Prosthetic maps out the contours of what we have come to know as postmodern space. It's a work of metafictional dazzlement. The artist creates (presumably) a fictional character, who in turn creates a fictional surrogate to live his life for him. This suggests a logic of infinite regress. Everything is always under surveillance, and everything is a prosthesis for something else. We never quite know what is real and what is not. Truth is always in process. Identity is always a construction. Meanings and references are always incomplete. Images and narratives proliferate endlessly, in a vain attempt to populate the void.
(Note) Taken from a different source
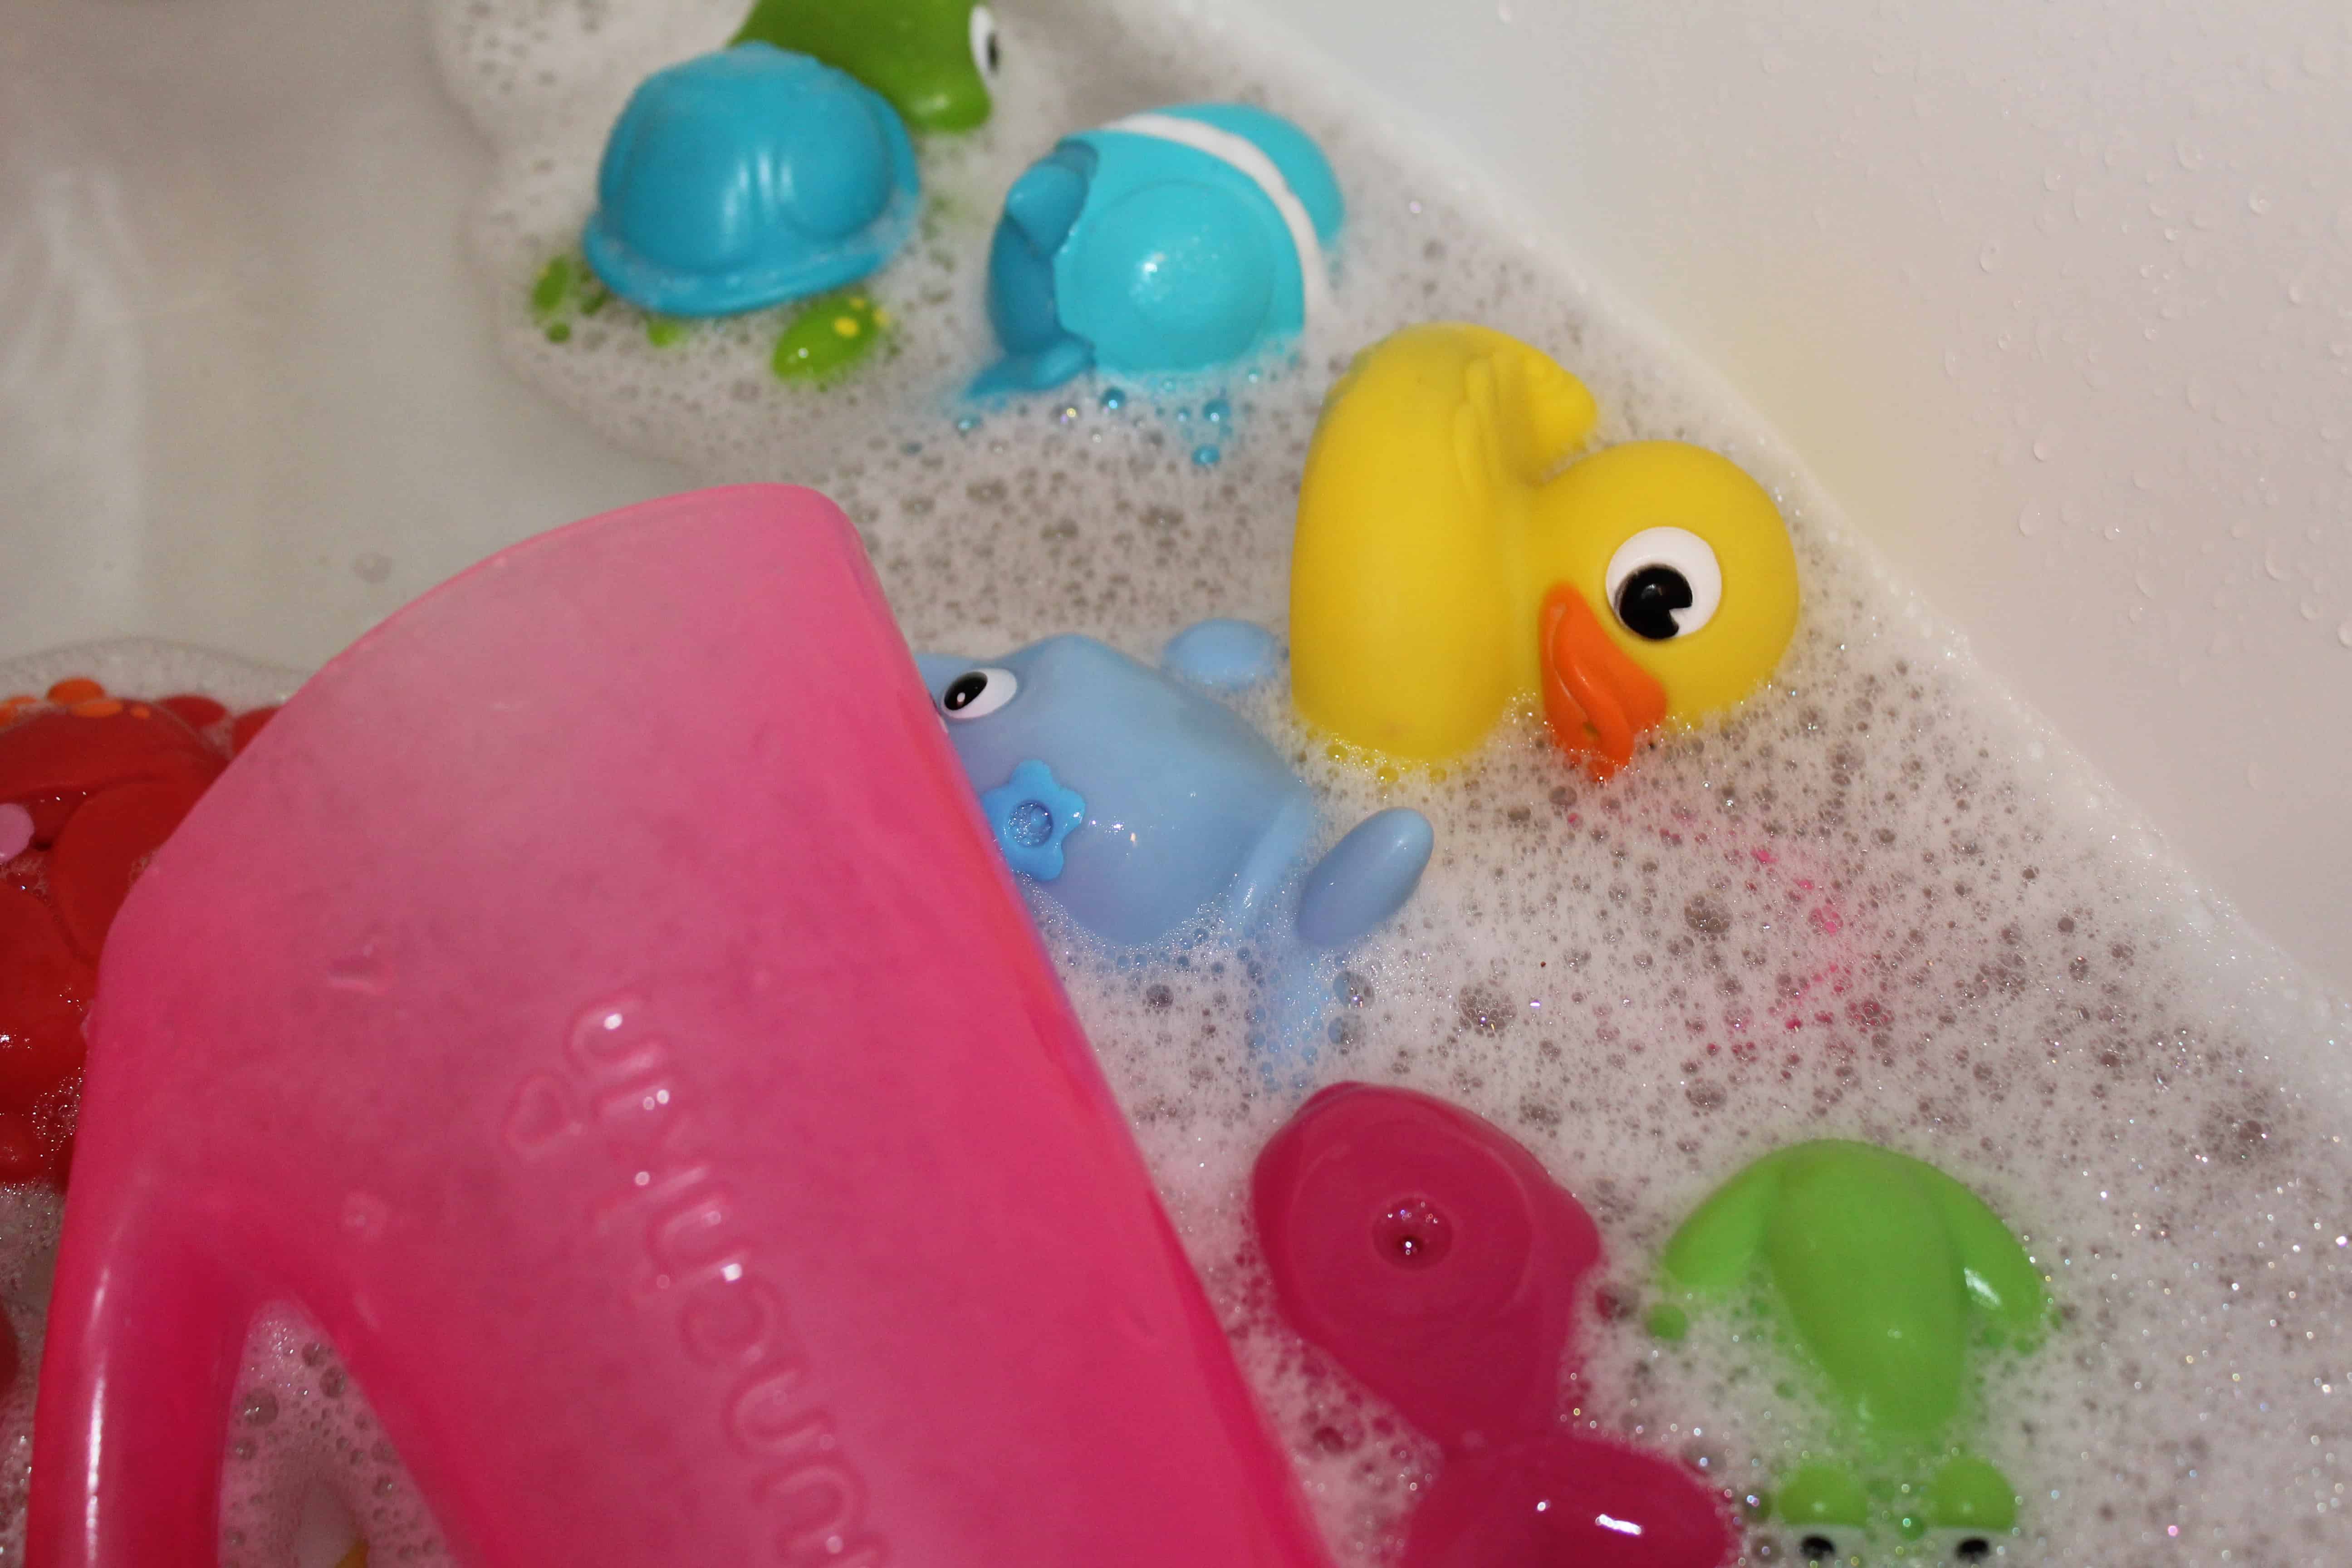 Bathtub toys in soapy water
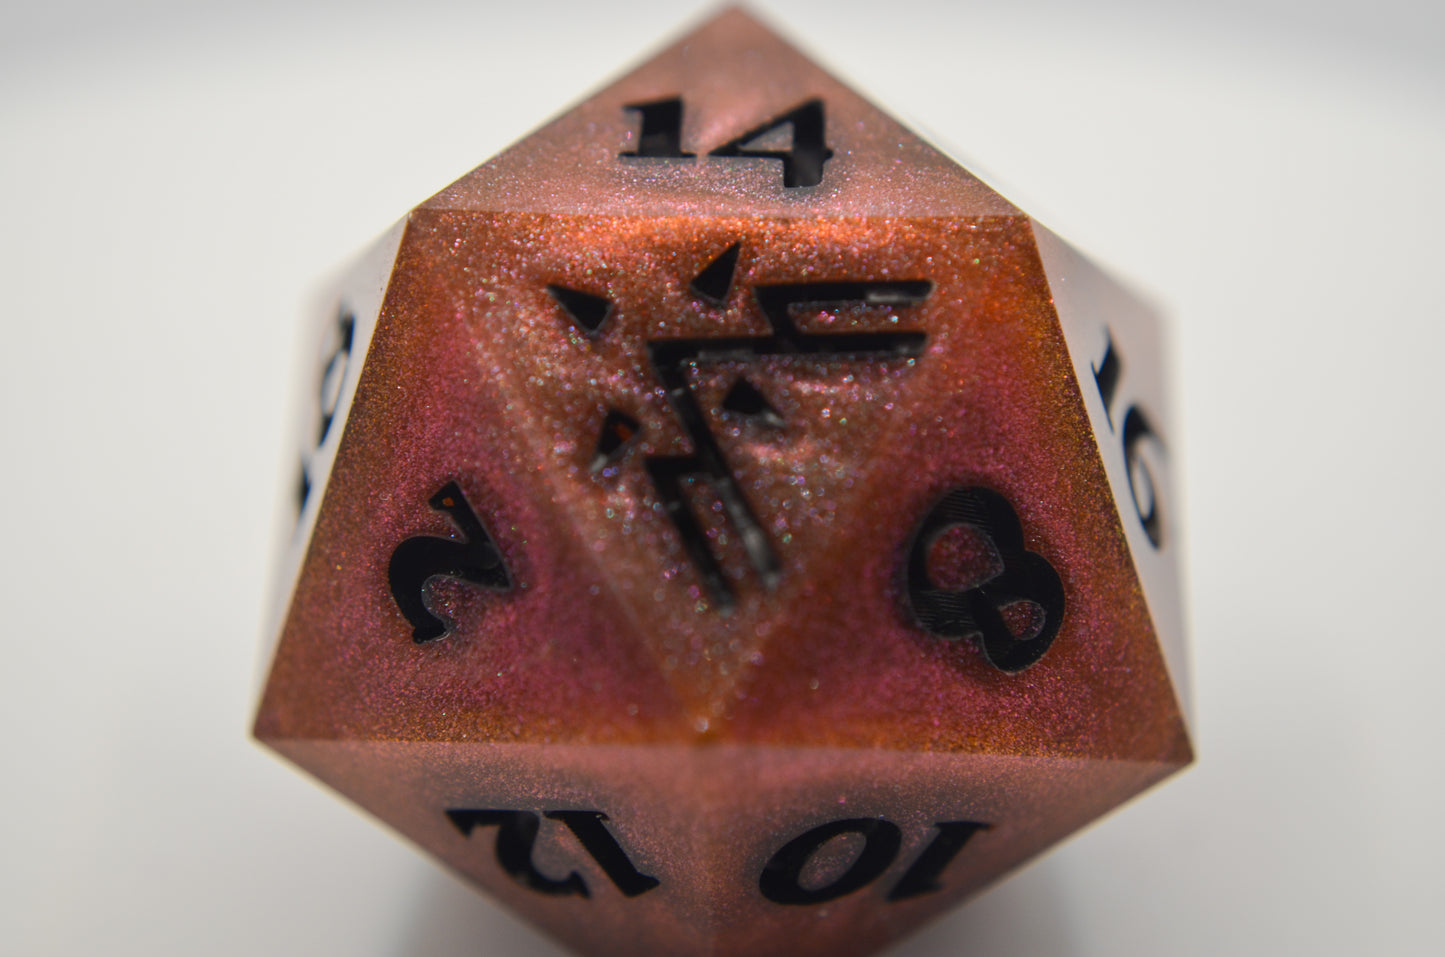 Pink/Green Color Shift 30 mm Giant D20

At the same time, though, Prosthetic does something else. It creates a sense of emotional discomfort, on several levels. The pictures are disturbing, first of all, because-whether they are "real" or fake-they depict the stifling vacuity of American middle-class family life. In the second place, it's quite creepy to contemplate the prospect of someone like Stuart Tiros sending such photos unsolicited through the mail, or putting them online for all the world to see. Exposing their artless banality in this way feels like a violation of intimacy and trust. And third, the story of Stuart's appropriation of these pictures is troubling, because it suggests that the photos have moved from actuality into the realm of the ideal. They are no longer just a record of one family's life; they have turned into a model of the Good Life. In Prosthetic, William Scarbrough has created a work where every step into the maze of the postmodern mediascape is also a kind of Station of the Cross, a progress on the path of excruciating embarrassment.